A ratio is simple arithmetical expression of the relationship of one number to another. It may be defined as the indicated quotient of two mathematical expressions. According to Accountant's Handbook by Wixon, Kell and Bedford, "a ratio is an expression of the quantitative relationship between two numbers".
Ratio Analysis is the process of determining and presenting the relationship of items and group of items in the statements. According to Batty J. Management Accounting "Ratio can assist management in its basic functions of forecasting, planning coordination, control and communication"." It is helpful to know about the liquidity, solvency, capital structure and profitability of an organization. It is helpful tool to aid in applying judgment, otherwise complex situations.

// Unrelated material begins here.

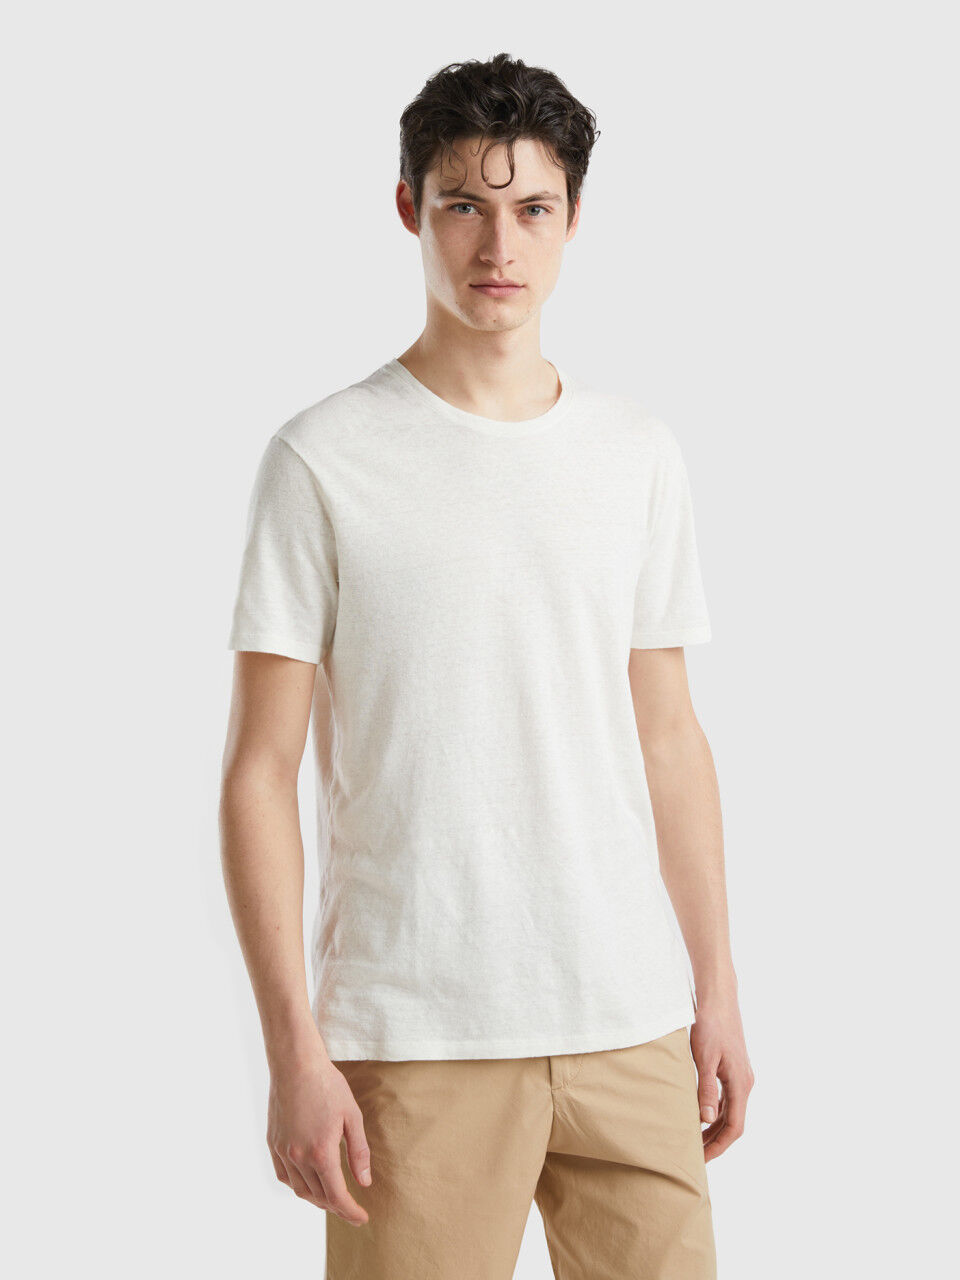 T-shirt in linen blend
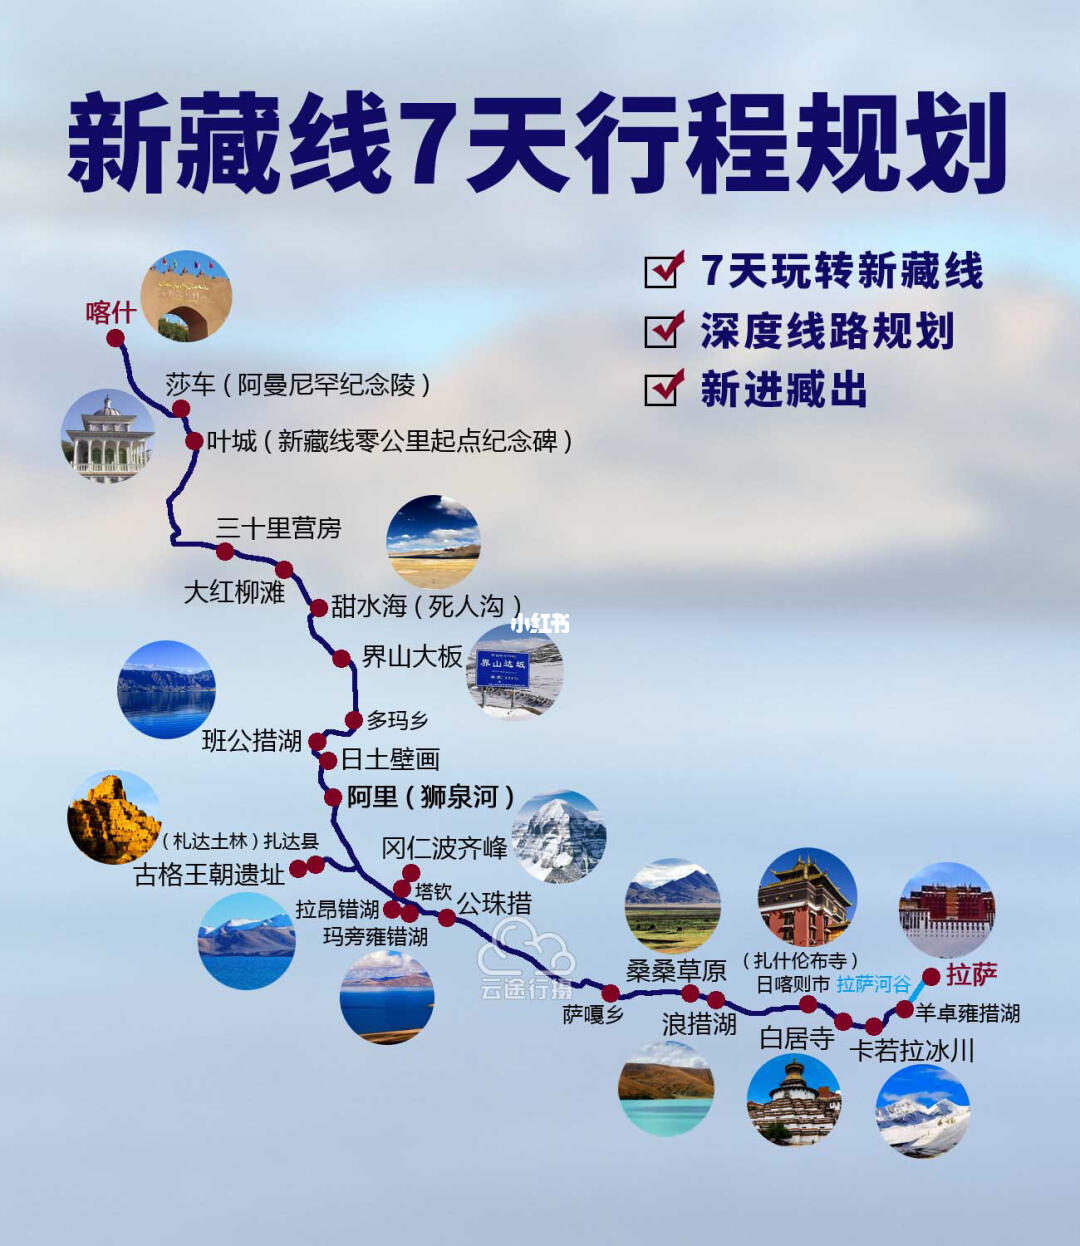 上海汽车南站到湖州的汽车时刻表是怎样的？最

Ratio is an expression of relationship between two values.
Ratio Analysis is the process of analyzing the financial statement with the help of various ratios.
Objectives of Ratio Analysis.
1. Ratio helps in simplifying the complicated financial information.
2. Ratio analysis helps to know the trends in costs, sales and profits.
3. It facilitates communication of information in the form of ratios.
4. Ratio analysis facilitates inter firm comparison.
Advantages/Importance of Ratio Analysis.
1. It simplifies, summarizes and systematizes a long array of accounting figures.
2. The contribution of ratio analysis lies in bringing the interrelationship which exists between various segments.
as expressed through accounting statements.
3. It is an instrument for diagnosis of the financial health of an enterprise.
4. It facilitates easy communication of information.
5. It also facilitates inter firm comparison.
Classification of Accounting Ratio.
The Accounting Ratios are classified in various categories:.
1. Profitability Ratio.
A. Gross Profit Ratio.
Gross profit indicates excess of sales over the cost of goods sold. Gross profit Ratio is the ratio of Gross profit to Net sales.